From: Jan Saam (saam_at_charite.de)
Date: Tue May 30 2006 - 12:38:05 CDT
Dear Jerome,
the discussion is getting quite interesting.
>>May I bug you with one more question?
>>I'm studying the diffusion of oxygen along a channel in a protein. The
>>channel is not straight but follows despite some kinks roughly along a
>>certain direction from the active center to the protein surface. There
>>are also some "bays" or dead end roads along the tunnel that can be
>>explored by oxygen.
>>
>>Thus, most of the time the gas molecule will not travel exactly along
>>the defined reaction coordinate.
>>Does that mean the following?:
>>
>>a) If distance active center -- O2 is the RC:
>>Oxygen could be temorarily trapped in a dead end road, its hammering
>>against the wall and the adapdive biasing force is cranked up until
>>oxygen breaks through that wall? And even when it's travelling back,
>>finding the right way, the time spent in the side channel will distort
>>my PMF?
>>
>>
>That is, to a certain extent, true. In such cases where the pathway is roughly
>described by the RC, but some details are not resolved, it usually boils down
>to a problem of timescales. If oxygen is able to diffuse fast enough between
>the main route and small dead ends surrounding it, then it will find its wasy
>and the PMF should not be distorted, because the time spent on the right
>pathway will dominate the average. The freedom to move back and forth along
>the way is crucial there. In an SMD simulation, it would be extremely hard
>for a system to return to the right track.
>If on the contrary, diffusion is a bit too slow, then yes, the system may
>become trapped in the dead end, and the adaptive bias will then grow to
>unrealistic values to try to pull oxygen through the wall.

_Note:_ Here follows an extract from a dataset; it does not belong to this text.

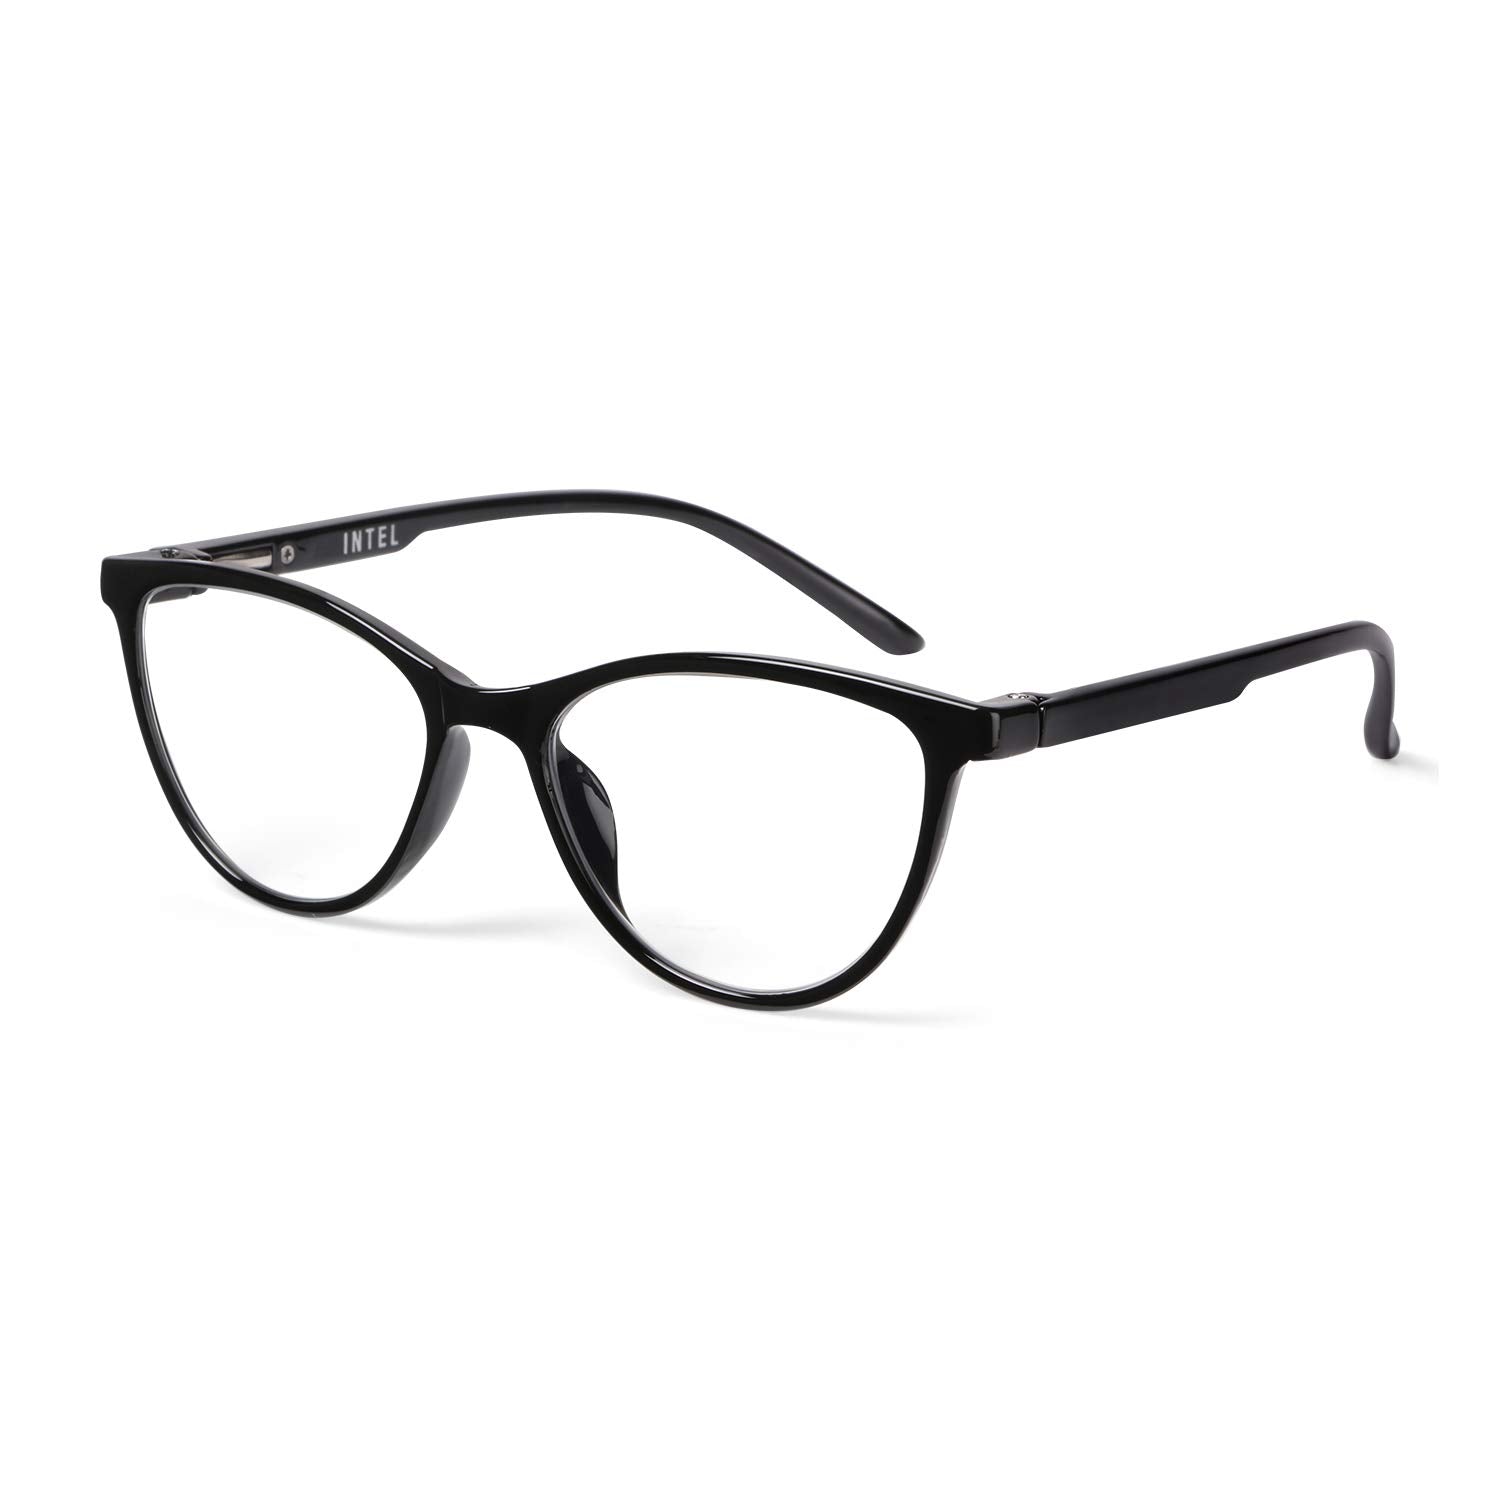 Dual Tone Cat Eye Eyeglasses Online-53714

>One parameter that may determine which of the two cases prevails is
>fullSamples. You want the system to find the right track *before* the bias is
>fully applied. That's where things become really system-dependent.
>
>
>
>
Within the wildtype channel oxygen diffuses more or less freely. But
since I try to investigate the effect of mutations on the transport
properties of the channel it could well be that the dead end is chosen
to be the better way and oxygen will be trapped. Probably something
better is needed.
>>b) If abscissa along main direction is used as RC:
>>When I'm defining a direction of the RC there will always be a certain
>>angle (say between 0 and 50 deg.) between the real channel V and the RC
>>due to the crookedness of the channel. I.e. the adaptive biasing force
>>is pushing with that angle against the channel wall, which will also
>>distort my PMF. Correct?
>>
>>
>I would say, no, at least not if the simulation is in near-equilibrium. Again,
>fullSamples will play a role on that. What matters is that there is a
>one-to-one mapping between your RC and the actual progression of the system
>along the pathway, that's enough to makes the RC relevant. And that's also
>why alternate pathways or dead-ends are very hard to take into account.
>
>Another problem with this, though, is to define an absolute direction. Is your
>protein able to tumble or rotate in some way?
>
>
>
Unfortunately yes, it will tumble. We should urge Jim to provide a
function to remove the COM motion constantly throughout the simulation,
not just once at the beginning. That would heö a lot defining RCs.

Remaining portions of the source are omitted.